At the VHA, there were 138,791 Veterans age ≥50 years old with at least one filled prescription for an oral or IV bisphosphonate or denosumab for fracture prevention during the study period without any exclusion criteria and who had at least one note from an orofacial specialist – making them eligible for NLP review. Among these Veterans, 46,408 had VHA continuous and comprehensive dental benefits and were included in the VHA cohort. Among Veterans aged ≥50 years old with at least one filled prescription for an oral or IV bisphosphonate for fracture prevention during the study period and with VHA continuous and comprehensive dental benefits, 96% had at least one note from an orofacial specialist that would qualify them for VHA cohort inclusion. In the VHA cohort, 47 MRONJ cases were identified by NLP. Of those Veterans with MRONJ, 5 individuals were only observable prior to October 1, 2015, and only contributed to the VHA ICD-9 cohort; 11 were observable only on or after October 1, 2015, and only contributed to the VHA ICD-10 cohort; 31 Veterans with MRONJ were observable across the ICD-9 and ICD-10 coding periods. In sum, there were 36 Veterans with MRONJ and 34,701 Veterans without MRONJ in the VHA ICD-9 cohort; there were 42 Veterans with MRONJ and 34,831 Veterans without MRONJ in the VHA ICD-10 cohort.

At HP, 4,625 patients age ≥50 years old with at least one prescription for an oral or IV bisphosphonate or denosumab had HP dental insurance and were included in the HP cohort. Among these HP cohort members, 10 patients (0.22%) had one or more encounters with one or more candidate ICD diagnosis code and were identified by clinician EMR review as having MRONJ.

At the VHA, the cohort was predominantly male (82%) and White (77%). The mean age of MRONJ diagnosis was 72 years. Among all VHA MRONJ cases (n=47), 46 Veterans had at least one filled prescription for a bisphosphonate and 1 for denosumab. Of those Veterans without MRONJ (n=46,361), 45,930 had at least one filled prescription for a bisphosphonate and 1,149 for denosumab. At HP, the cohort was largely female (89%), and White (80%). The mean age of MRONJ diagnosis was 76 years. Of the 10 patients with MRONJ, 10 had at least one filled prescription for a bisphosphonate and 0 for denosumab. Of those without MRONJ, 67 had at least one filled prescription for a bisphosphonate and 1 for denosumab.
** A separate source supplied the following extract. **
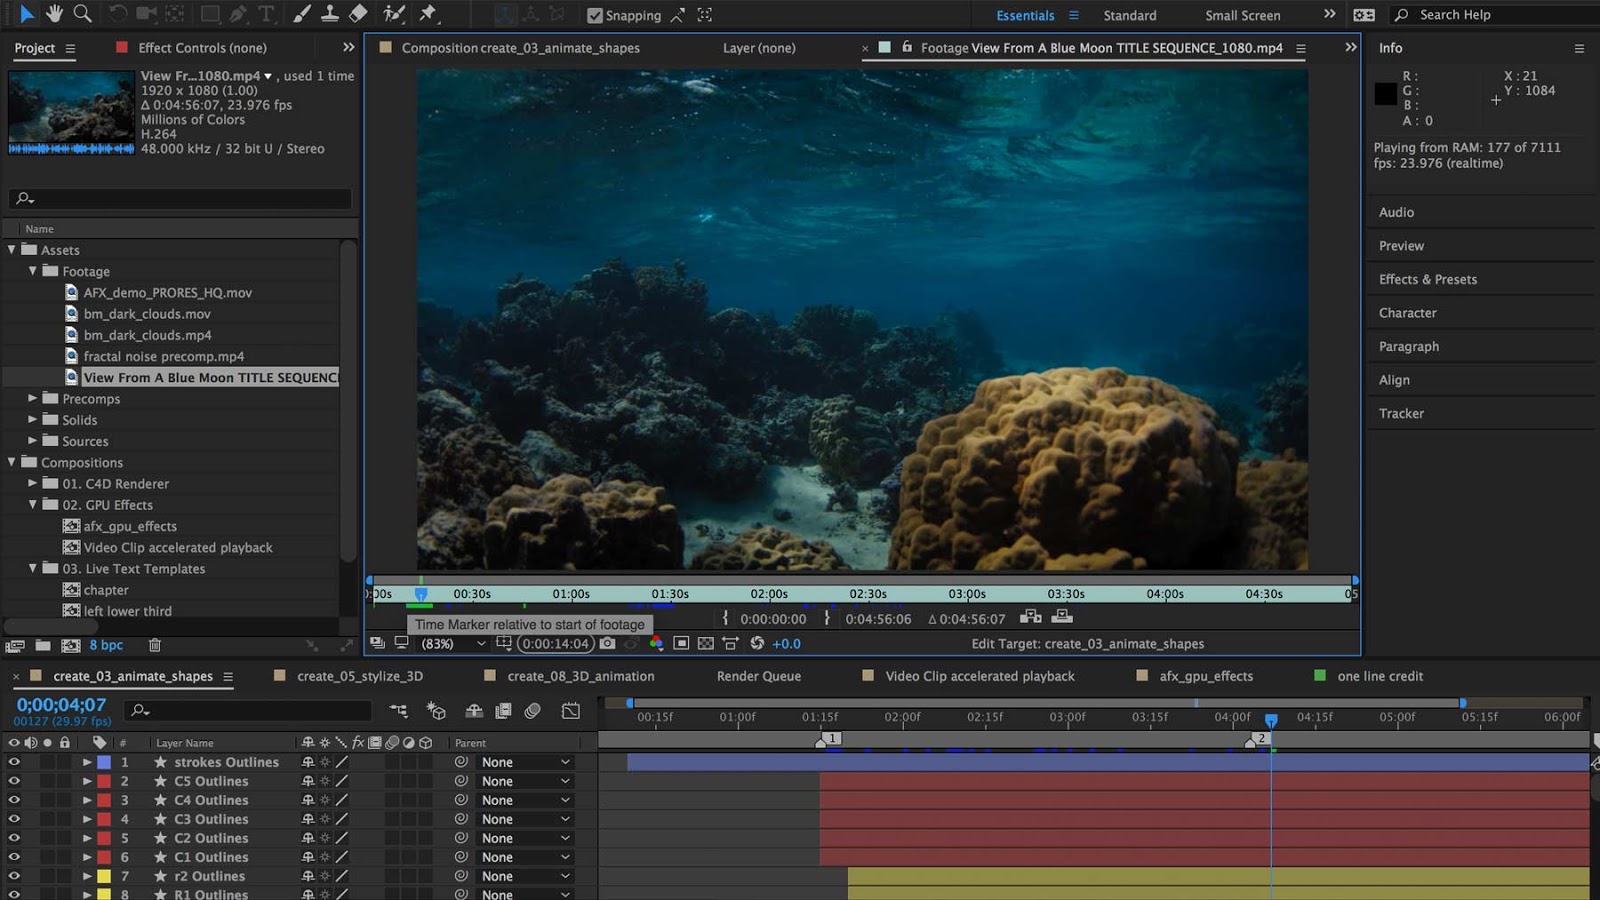 after effects cc 2017 14.2 free download torrent

The ICD-9 (733.49) and ICD-10 codes (M87.08) for idiopathic aseptic necrosis of the bone, other site, and ICD-10 codes for osteonecrosis due to previous trauma, other site (M87.28) and other secondary osteonecrosis, other site (M87.38) had combined number of persons from both VHA and HP of less than ten, and therefore, diagnostic performance characteristics were not calculated due to sparse data. Diagnostic performance characteristics (PPV, sensitivity, specificity, and NPV) for individual ICD-9 codes for MRONJ diagnosis in the VHA ICD-9 cohort are shown in Table 2 and PPVs for individual ICD-9 codes for MRONJ diagnosis in the HP cohort are shown in Table 3. The highest PPV for an ICD-9 code at both health care systems was for 733.45 (osteonecrosis of the jaw); the estimated PPV was 0.43 (95% CI: 0.10, 0.82) and 0.50 (95% CI: 0.07, 0.93) at the VHA and HP, respectively.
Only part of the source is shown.